Миновав длинный туннель, они вышли на свет — это еще не был обычный дневной свет, однако теперь сияние уже не слепило глаза. Гарион огляделся, и снова им овладело странное ощущение, словно в его жизни этот день уже был, хотя в тот, другой, день все происходило немного по-другому. Яростный шторм, бушевавший над рифом Корим, стих. Тучи рассеялись, а ветер, свирепствовавший во время битвы с драконом и демоном Морджей, сменил ласковый свежий бриз. После гибели Торака в Хтол-Мишраке Гариону казалось, будто он видит зарю первого дня творения. Теперь перевалило за полдень, но ощущение осталось прежним: это был полдень самого первого дня. То, что началось в Хтол-Мишраке, закончилось только теперь. И закончилось раз и навсегда, а потому Гарион испытывал невероятное облегчение. У него слегка кружилась голова. Лишь теперь он осознал, сколько сил, физических и душевных, отнял у него этот день. Больше всего на свете он хотел сейчас освободиться от железных лат, но при одной мысли о том, каких усилий это потребует, у него подкашивались ноги. И Гарион ограничился тем, что снял тяжелый шлем. Теперь он хорошо видел лица всех своих друзей.

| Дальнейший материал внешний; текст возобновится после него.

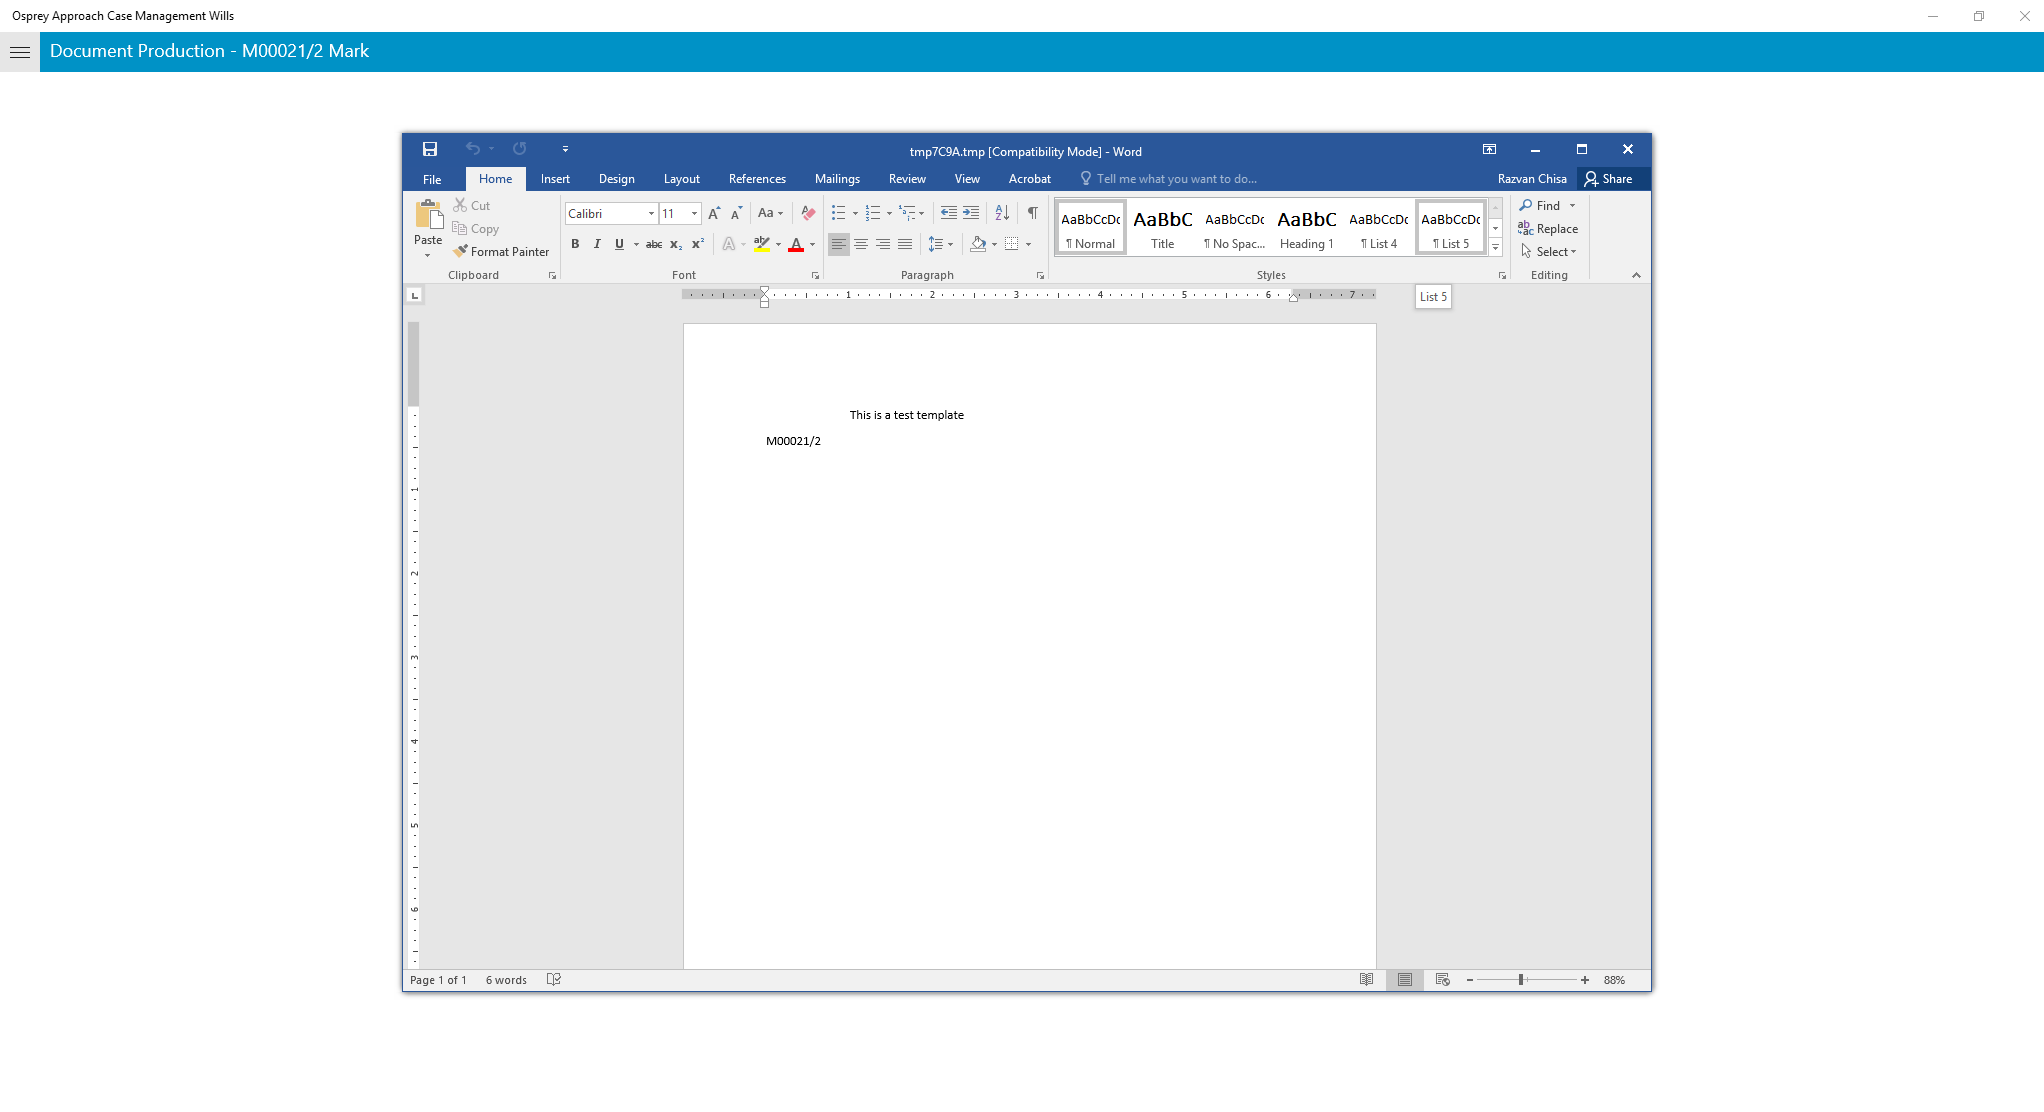 Document production using Microsoft Word

Хотя не вызывало сомнений, что Гэран прекрасно умеет ходить, Сенедра не выпускала сына из рук, прижимаясь щекой к его розовой щечке и отстраняясь лишь затем, чтобы поцеловать ребенка. Похоже было, Гэран ничего не имел против.
Закет обнимал за плечи прорицательницу из Келля и, судя по выражению его лица, не собирался размыкать объятия. Гарион вспомнил, как Сенедра на заре их любви доверчиво прижималась к нему, словно прося, чтобы он вот так же ее обнял. Он устало двинулся к Эрионду, который глядел на залитое ярким солнцем море.
— Я хочу спросить тебя кое о чем.
— Спрашивай, Гарион.
Гарион указал на Закета и Цирадис.
— Вот это — тоже предначертано? Понимаешь, в юности Закет потерял очень дорогого ему человека. И если он теперь потеряет Цирадис, ему конец. Я не хочу этого!
— Успокойся, Гарион, — улыбнулся Эрионд. — Этих двоих уже ничто не разлучит. Ты прав, и это было предопределено.
— Хорошо. А они знают об этом?
— Цирадис знает. А со временем все объяснит и Закету.
— А она все еще обладает даром провидения?
— Нет. Эта часть ее жизни закончилась в тот момент, когда Полгара сняла с ее глаз повязку. Но она видела будущее, а память у Цирадис отменная.
Гарион с секунду поразмышлял, и вдруг глаза его широко раскрылись.
— Ты хочешь сказать, что судьба всей вселенной зависела от выбора обыкновенного человека? — с величайшим изумлением спросил он.
— Я не назвал бы Цирадис обыкновенной. Она готовилась к своей миссии с самого раннего детства. Но в чем-то ты прав. Выбор должен был сделать человек, причем без всякой посторонней помощи. Даже соплеменники не могли помочь Цирадис в этот решающий момент.
Гарион содрогнулся.
— Какую муку она, должно быть, испытала! Как одинока была!
— Да, это правда. Те, кто делают выбор, всегда в этот момент одиноки.
— Но ведь выбор ее не был случайным?
— Нет. Ведь на самом деле она выбирала не между твоим сыном и мною, а между Светом и Тьмой.
— В толк не могу взять, в чем тогда была проблема? Разве не всякий предпочел бы Свет кромешной Тьме?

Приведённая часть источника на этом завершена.